The question to be answered is: Who keeps fish?
We started by reading the problem in more detail and immediately noted the potential complexity of relating houses as being to the "left" or "next to" one another and that the ultimate question asks about a pet that doesn't exist in any of the given facts.
Without a clear idea of how to proceed, we decided to try to solve a smaller problem (hereby refered to as Tuzz's Problem):
- There are three houses of different colours.
- The first house is red.
- The house next to the red house is blue.

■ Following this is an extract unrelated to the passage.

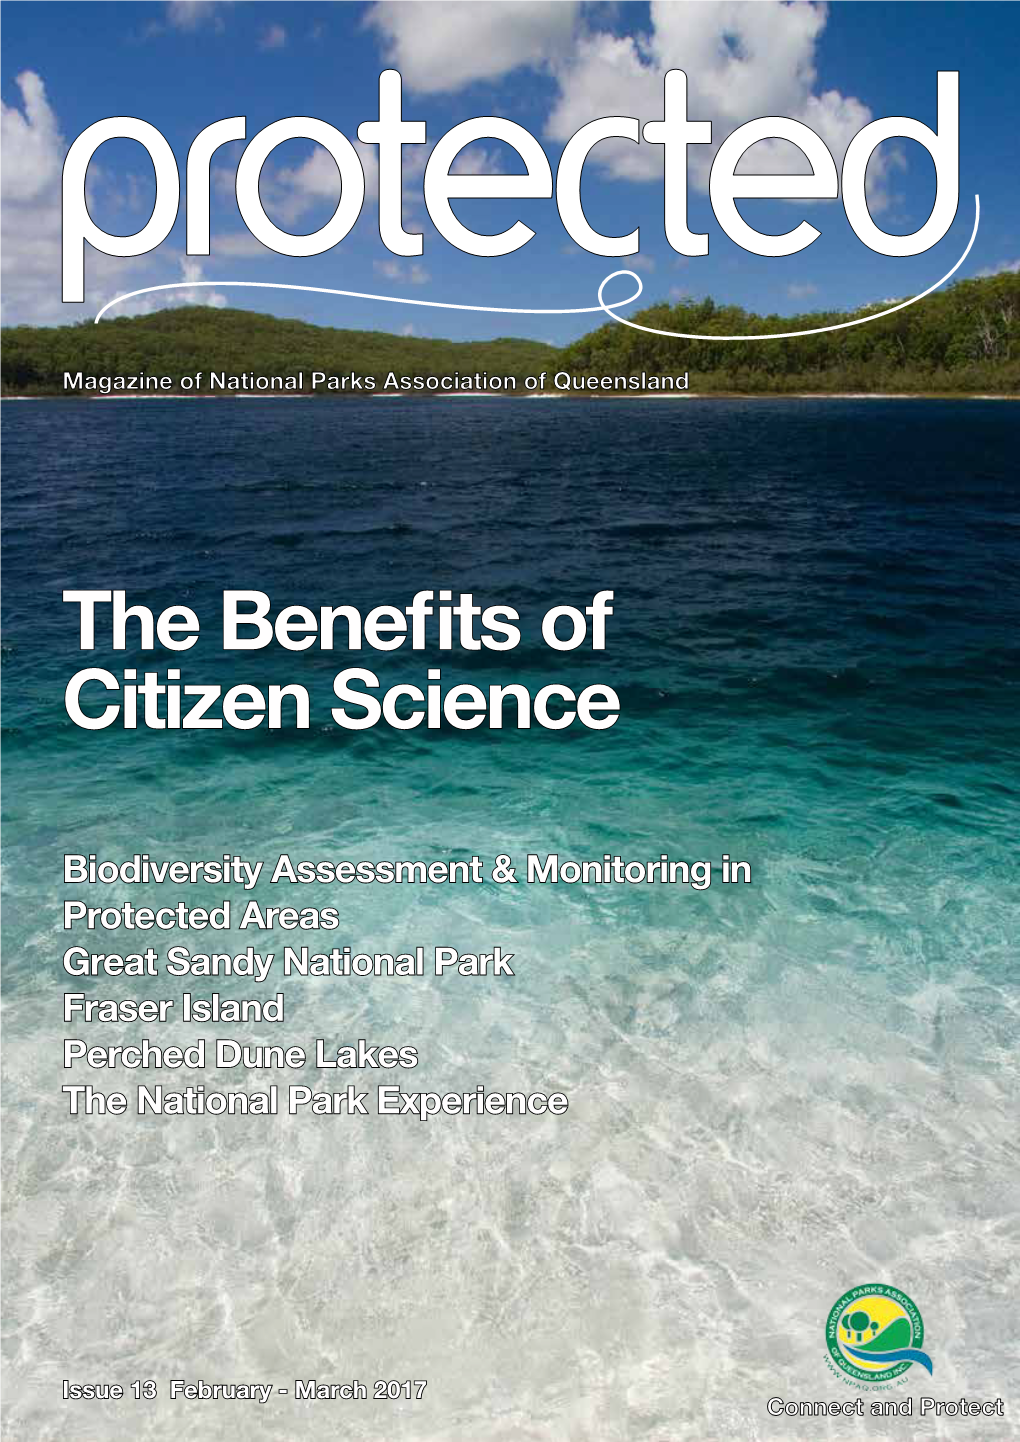 The Benefits of Citizen Science

Question: which house is green?
We wondered how best to state the above facts and how to represent houses, their relative positions and their colours. We started by defining our very own relation, coloro
, for the first house:
(defn coloro [house color]
(conde
[(== house :first) (== color :red)]))
We could then use run
to find the position of the red house:
(run* [q] (coloro q :red))
;=> (:first)
And double-check the colour of the first house:
(run* [q] (coloro :first q))
;=> (:red)
In order to express the position of the blue house, we needed to introduce another new relation, lefto
, which we defined using db-rel
and db
we saw from last meeting:
(db-rel lefto a b)
(def facts
(db
[lefto :first :second]
[lefto :second :third]))
We then defined the hilariously-named righto
in terms of lefto
:
(defn righto [a b]
(lefto b a))
With these, we could now define the blue house:
(defn coloro [house color]
(conde
[(== house :first) (== color :red)]
[(fresh [red-house]
(lefto red-house house)
(coloro red-house :red)
(== color :blue))]))
(Side note: this took us a very long time to come up with. Originally we mixed up which house
we were expressing goals about and using run
just gave us bafflingly empty answers. After collectively staring at our code, quietly eating slices of olive bread and almost giving up entirely, a round of tactical commenting-out made us realise our mistake.)
Let's break this down:
First, we need a fresh
variable for the house to left of this one and then we can use lefto
to define the relative position of red-house
and our current house
:
(lefto red-house house)
Then we can define that the colour of red-house
is, erm, red
by recursively using our coloro
relation:
(coloro red-house :red)
Finally, we need to say what the colour of our house
must be if the house to our left is red
:
(== color :blue)
Using our facts
, let's answer some more questions:
(with-db facts (run 1 [q] (coloro :second q)))
;=> (:blue)
(with-db facts (run 1 [q] (coloro q :blue)))
;=> (:second)
Huzzah!
However, we became completely unstuck when trying to answer our ultimate question: where is that abominable green house?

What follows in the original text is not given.